There is a situation in which a person does not accept the authority of the majority if they behaved toward him improperly. If the Sanhedrin were made up of Sadducees, for example, their rulings would not be accepted. Maybe this even fits into the view that the obligation to obey is when “they tell you about right that it is right,” but not when they tell you about right that it is left.

Moshe (2020-05-12)

It seems to me that this is a bit different. In a Sanhedrin made up of Sadducees there is a substantive problem in their rulings, because the fact that they are Sadducees indicates that they are not ruling according to the Torah, so there is no obligation toward them at all; “after the majority” was not said about them. That is not the case with the Sages who disagreed with Rabbi Eliezer—there is no substantive flaw there, only perhaps a behavioral one at most.

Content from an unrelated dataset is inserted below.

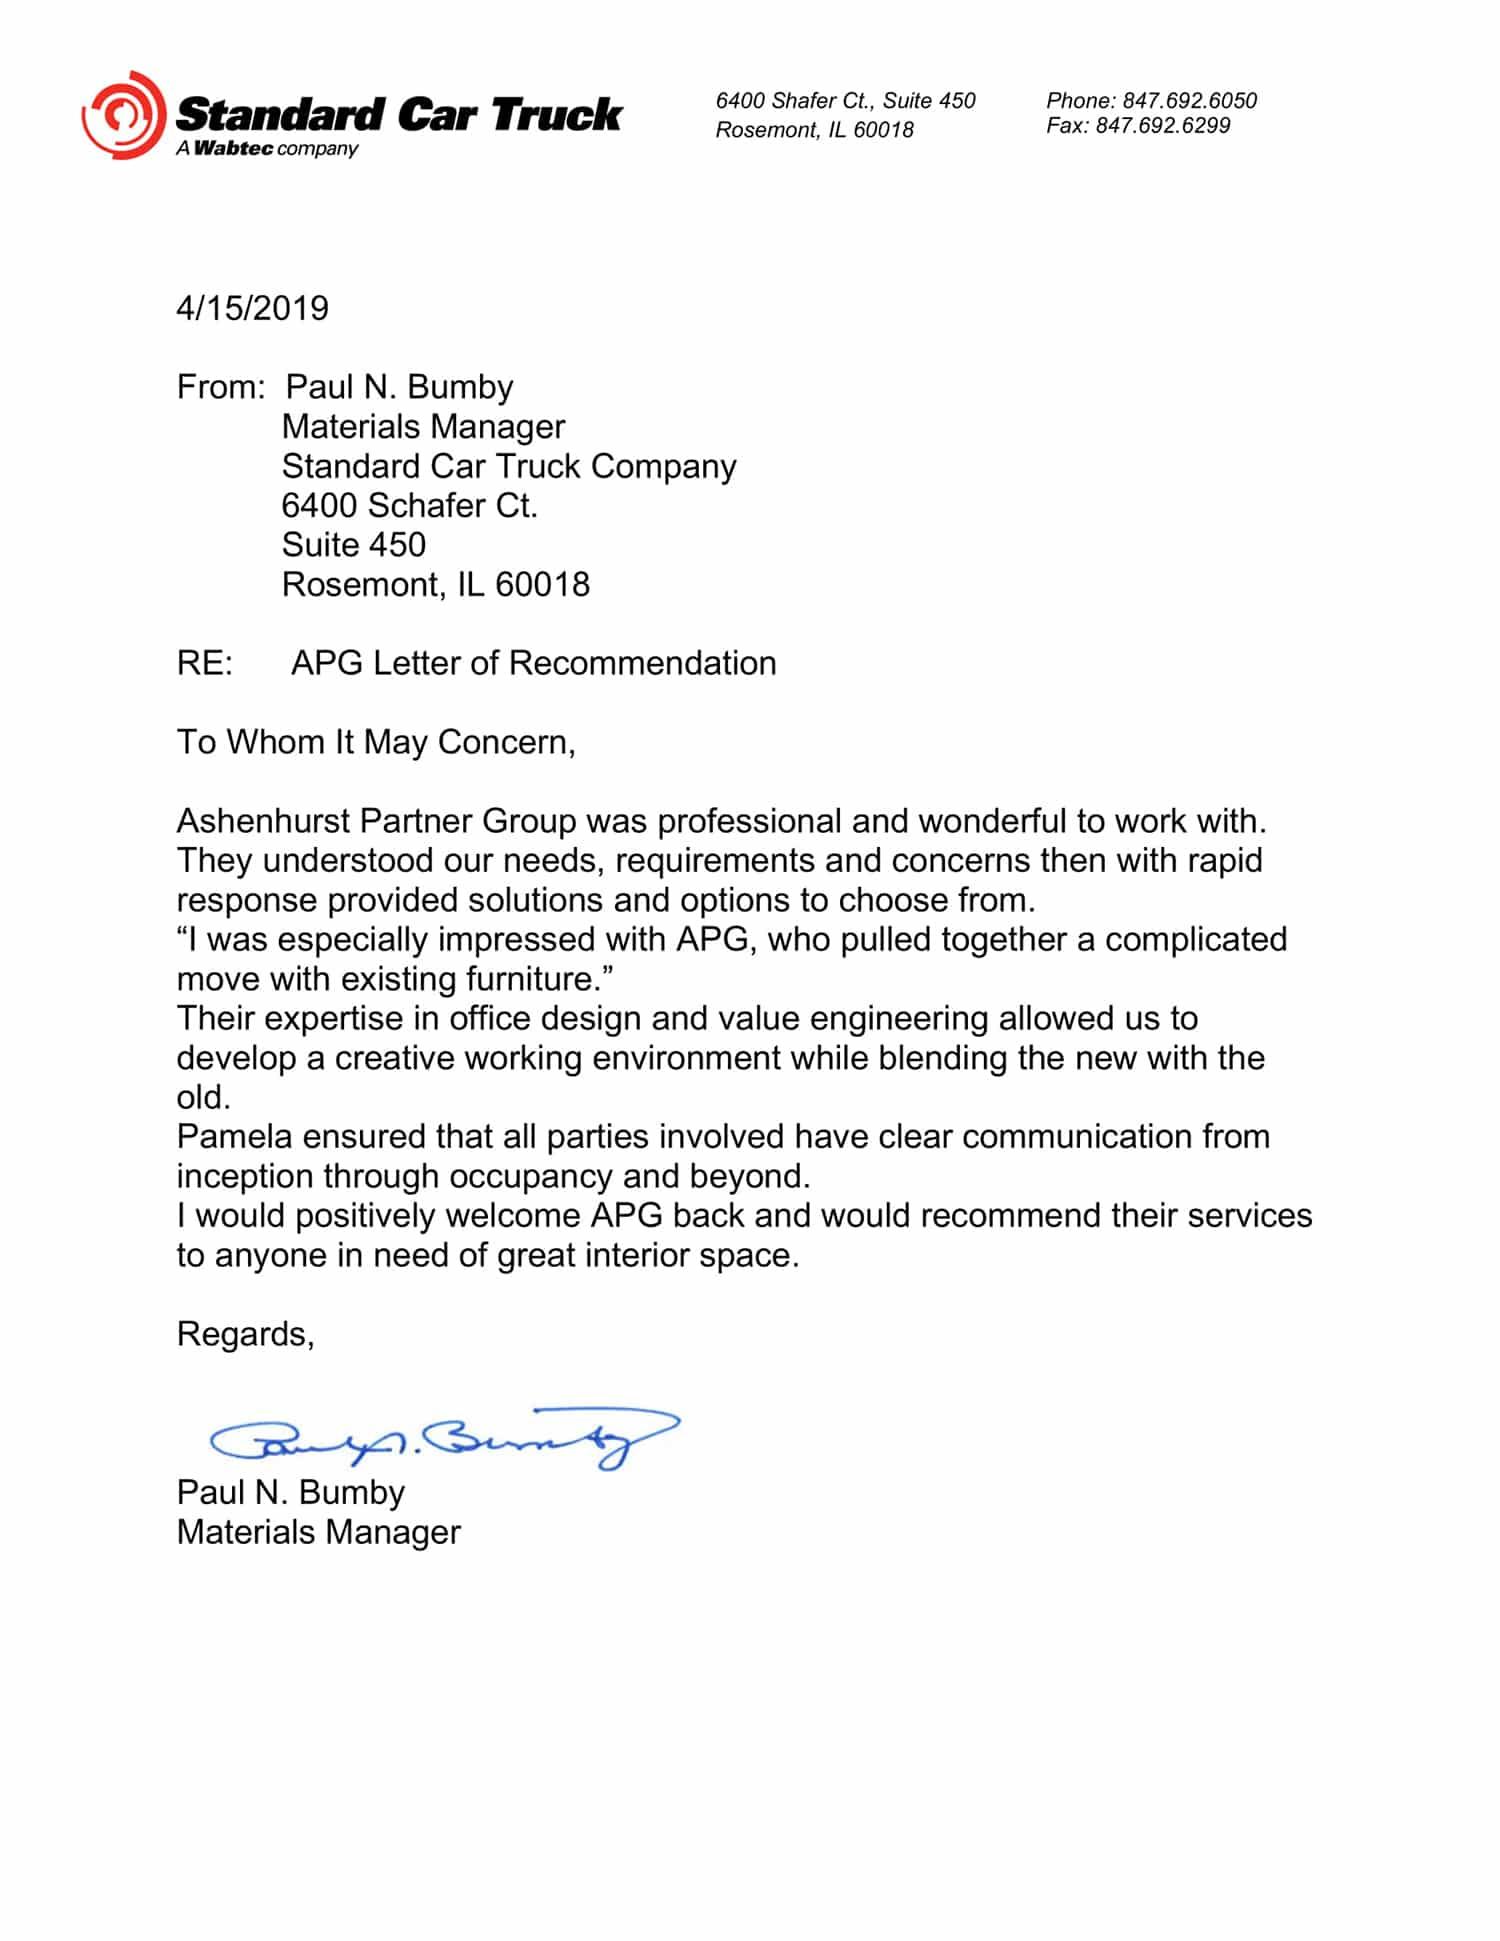 Ashenhurst Partner Group - SCT Wabtec Testimonial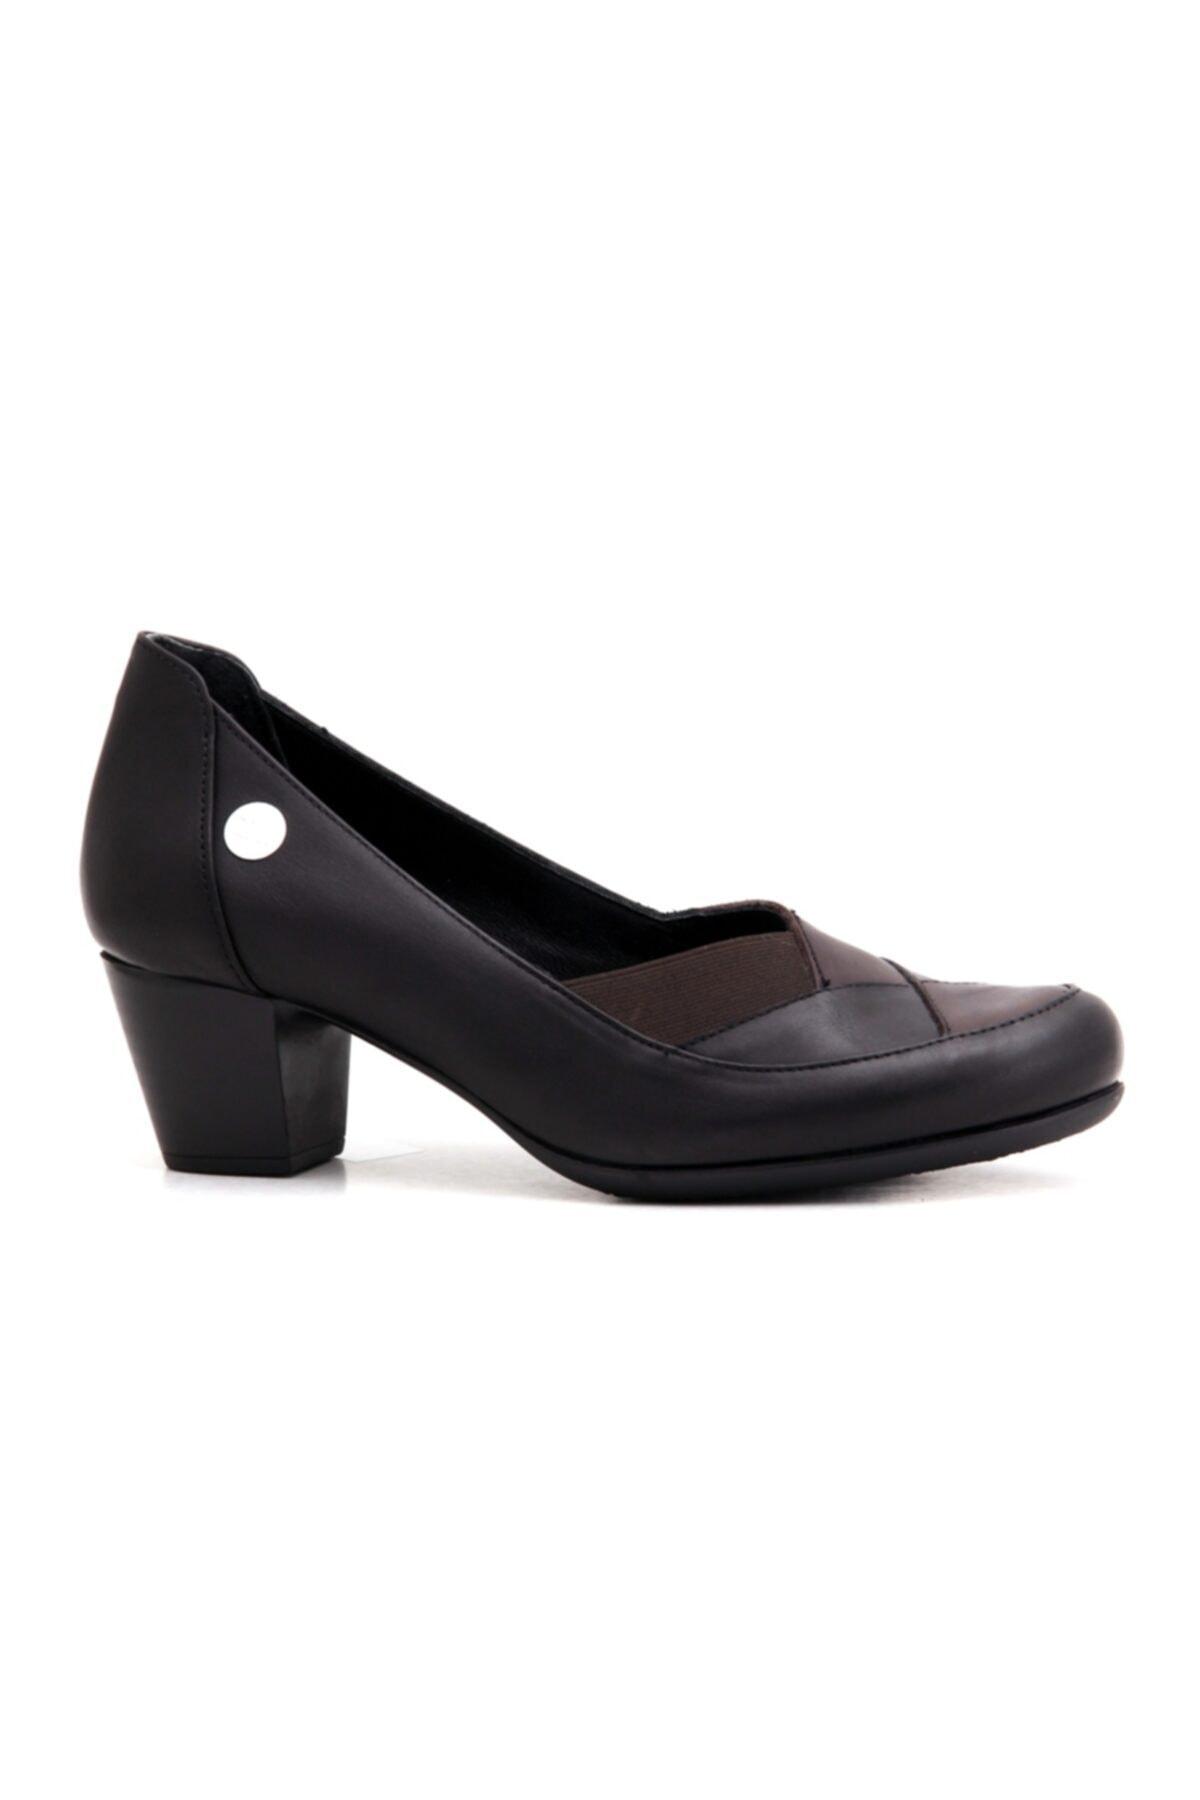 Mammamia D20ya-3180 Günlük Bayan Ayakkabı 2

That certainly has nothing to do with the validity of the ruling or its correctness. (Somewhat like the Beit Yosef’s comments in Kelalei HaTalmud on Eruvin 13b, where he asks what difference it makes that Beit Hillel were gentle and humble, etc., and answers that this is an indication that they are correct—but in terms of character traits and personality, there is no connection to the correctness of the ruling. The Rabbi also discussed this at length in a lecture at Bar-Ilan on tolerant Jewish law and also in the appendix to Truth and Unstable.) If so, Rabbi Eliezer was required to be more rational and less emotional, and not disagree with them.

Michi (2020-05-12)

Obviously it is a bit different, and still I argue that perhaps Rabbi Eliezer thought it was similar enough not to obey the majority. When the ruling is correct but is accepted by improper people, there is room for the reasoning that one should not obey it. Certainly if, in my opinion (= Rabbi Eliezer’s), it is not correct.

Ariel Bareli (2020-05-13)

By the way, Nachmanides raised the opposite possibility: that Rabbi Yehoshua said the oven is susceptible to impurity based on a tradition in his possession, and specifically Rabbi Eliezer challenged that on the basis of reasoning. “And it is possible that they were saying their words from received tradition, while he said: this is how it appears to me—and disagreed with them. Therefore they did not accept from him any proofs in the world, and had he issued a practical ruling in Temple times, he would have become a rebellious elder. Therefore they treated him stringently and excommunicated him,” end quote. This is brought in Nimukei Yosef.

Michi (2020-05-13)

Interesting. But it still requires a bit of examination in light of the Talmudic statement that Rabbi Eliezer never said anything he had not heard from his teacher. It is pretty clear that the straightforward reading is the opposite.

Michi (2020-05-13)

In any case, even according to Nimukei Yosef, you can see that they did not rely on their tradition but on the fact that they were the majority. Otherwise they would have accepted Rabbi Eliezer’s challenge.

Moshe Cohen (2020-05-13)

If anything, he also said things that no ear had ever heard before. (And even according to Rabbi Kook’s explanation in the letter to the Sochatchover, those were still things the Sages who disagreed with him did not know…) so it seems to me hard to bring proof from that statement that he never said anything he had not heard from his teacher.